At Monzo our goal is to make money work for everyone, and what better way to do that than by giving our customers their money as soon as we can? That’s why we built our Get Paid Early feature, also known as GPE. This lets customers request upcoming payments a day early (technically three days early if the payment is due on a Monday, as you can get it on Friday ready for the weekend!). Unsurprisingly, this is a much loved and heavily used feature, and while we love being able to offer it, it isn’t without its challenges.
In this post I'll explain the problems that occur when hundreds of thousands of customers all request to be paid millions of pounds at almost exactly the same time, and what we do to keep things running smoothly while that happens.
Getting Paid Early
You might be wondering why paying people early poses any challenge at all. After all, paying people is literally what banks do… and you’d be right! However, GPE relates to Bacs payments, and due to Bacs rules it’s possible for us to let people request their payments at 4pm the day before they’re due.
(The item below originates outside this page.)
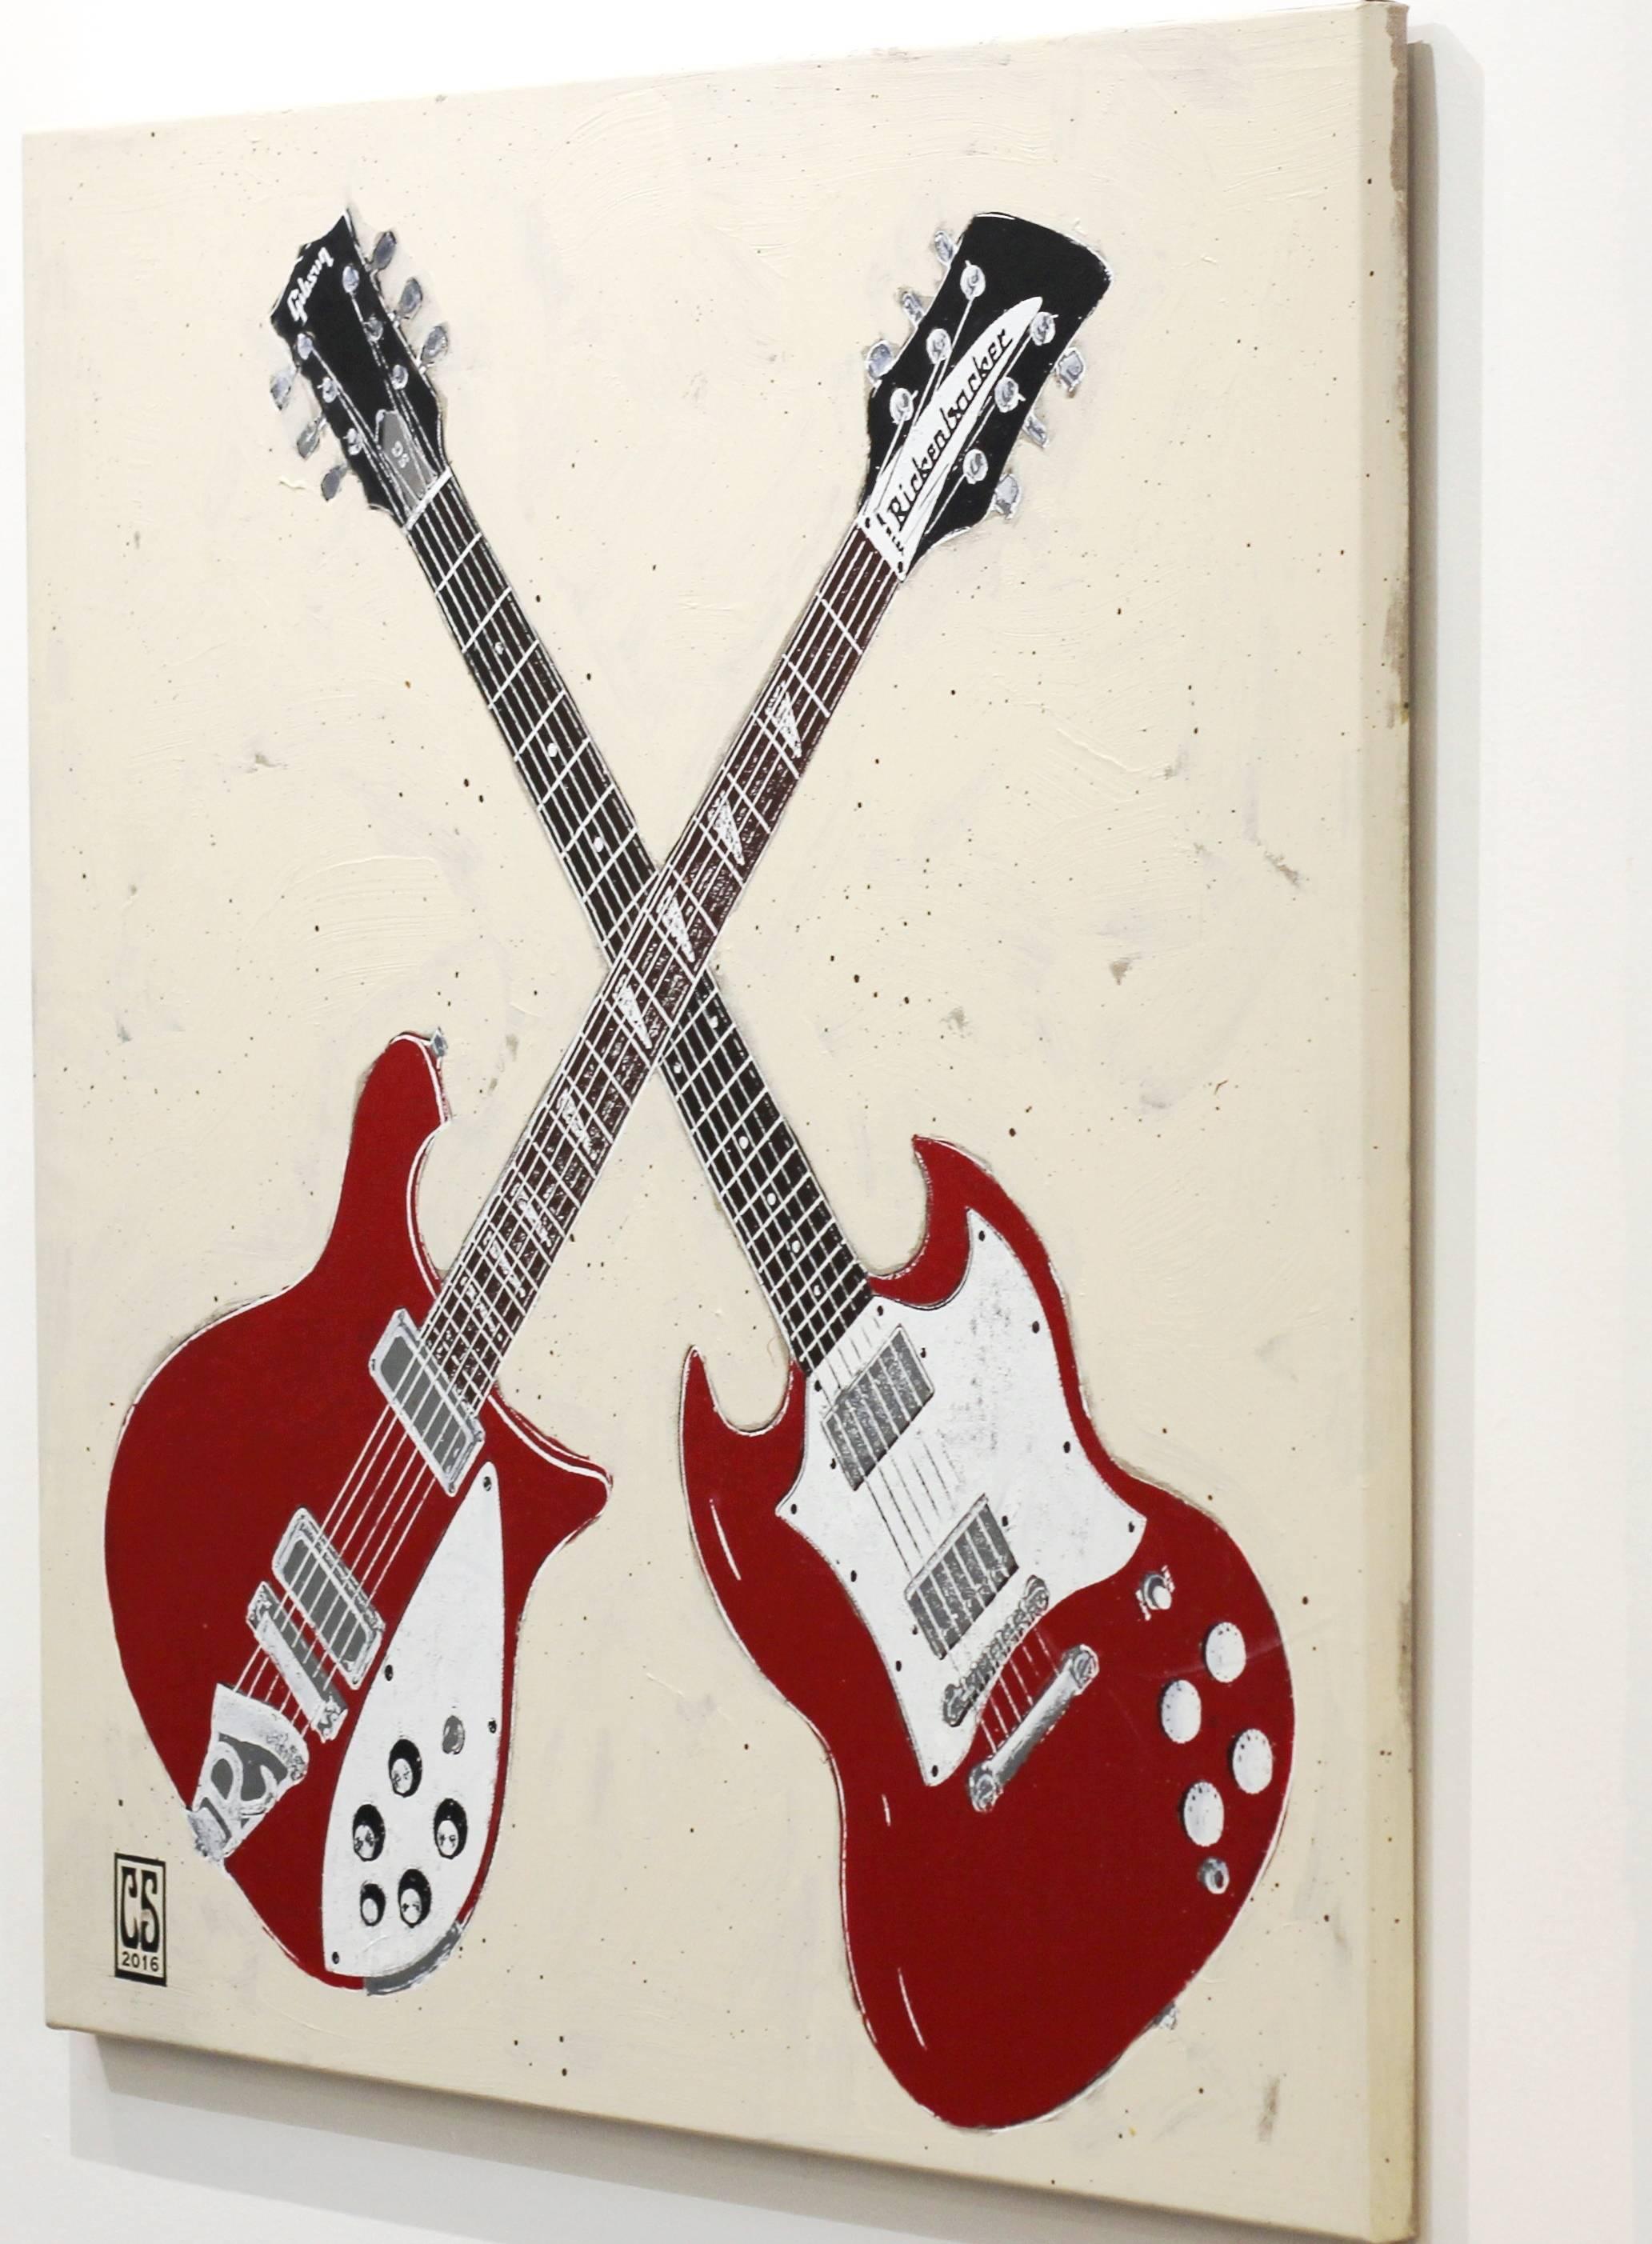 Double Trouble - Two Red Guitars, Original-Musikinstrumentgemälde auf Leinwand (Pop-Art), Painting, von Carl Smith

This means that if we have 250,000 eligible payments on any one day, we can expect up to 250,000 requests. What we didn’t expect was that a huge wave of these requests would hit us at exactly 4pm, which seems obvious in hindsight because who wouldn’t want to get their money as soon as they could?
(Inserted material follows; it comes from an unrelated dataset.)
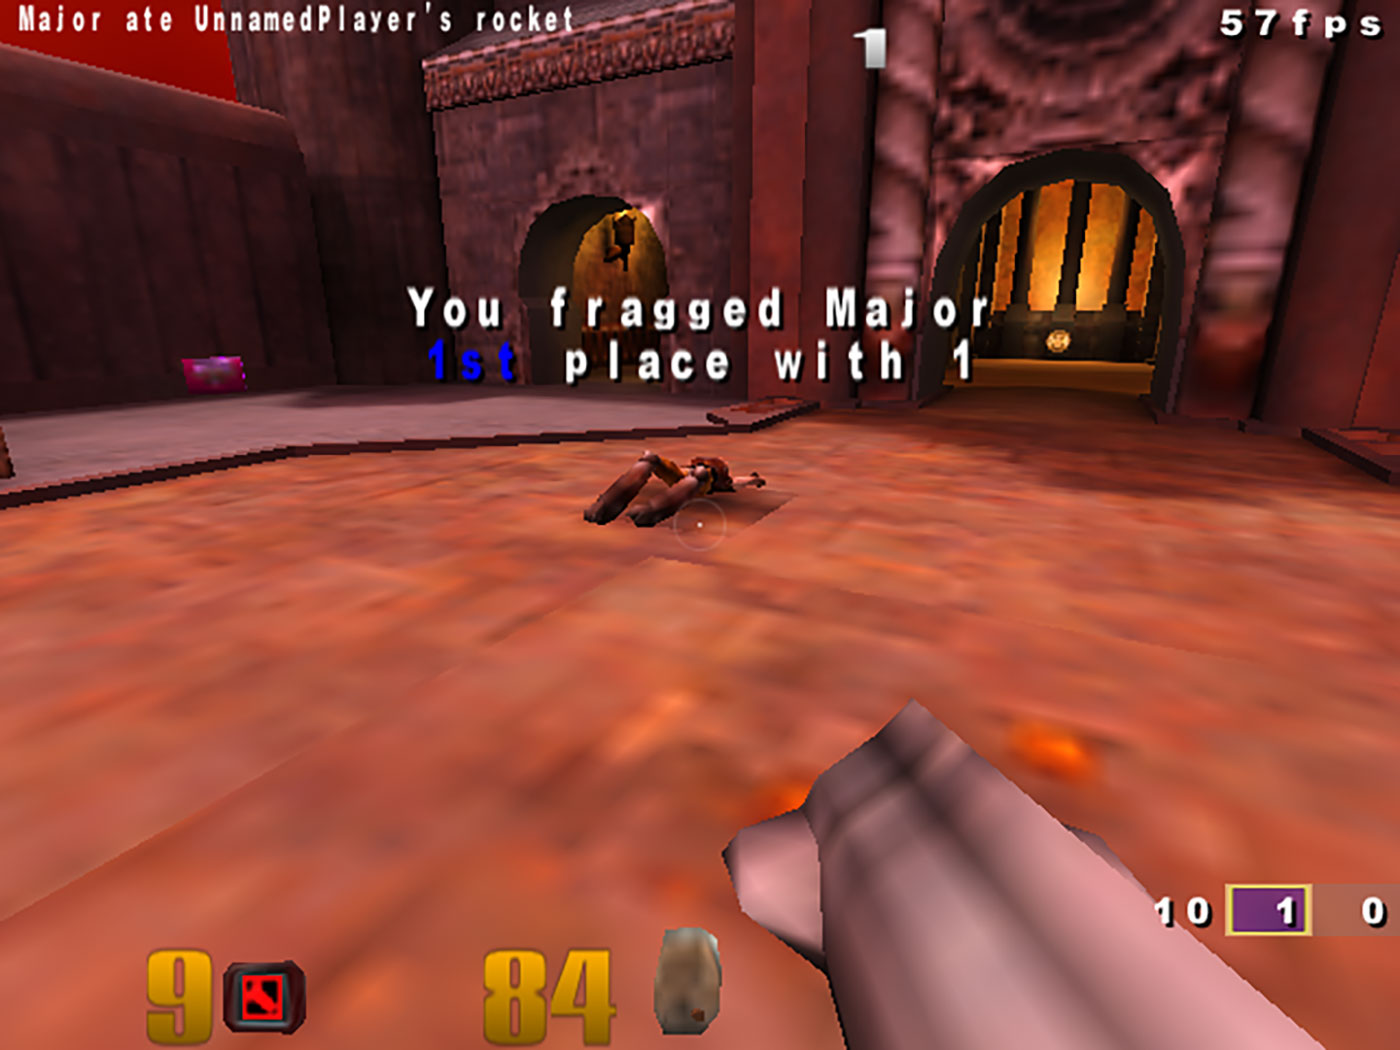 Major ate UnnamedPlayer's rocket in Quake III Arena on a Raspberry Pi

These bursts of traffic mean that the workload of our microservices increases by orders of magnitude within the space of about 30 seconds. And not just the microservices directly involved in making Get Paid Early requests, but across our entire platform as customers get their money and then start doing things with it like paying bills, topping up pots, paying shared tabs, or even making ATM withdrawals.
These large, sudden spikes of traffic put a huge amount of strain on our services, and could potentially destabilise our entire platform. This risk is even greater at the end of the month when a lot of salary payments are due or around bank holidays when multiple days of payments are all chunked together.
Why we can’t use auto-scaling
Increased traffic is a problem that's really nice to have as it means that lots of people are using the things you're building, and the tried and tested solution is to scale the services that are doing more work. For example, if your service is doing ten times the work, add ten times the resources. Simple! However, adding resources costs money and uses more energy so if our service does almost no work at 2am, but a lot of work during GPE, we don’t want it to be super scaled up all the time as we’d be burning money and wasting energy.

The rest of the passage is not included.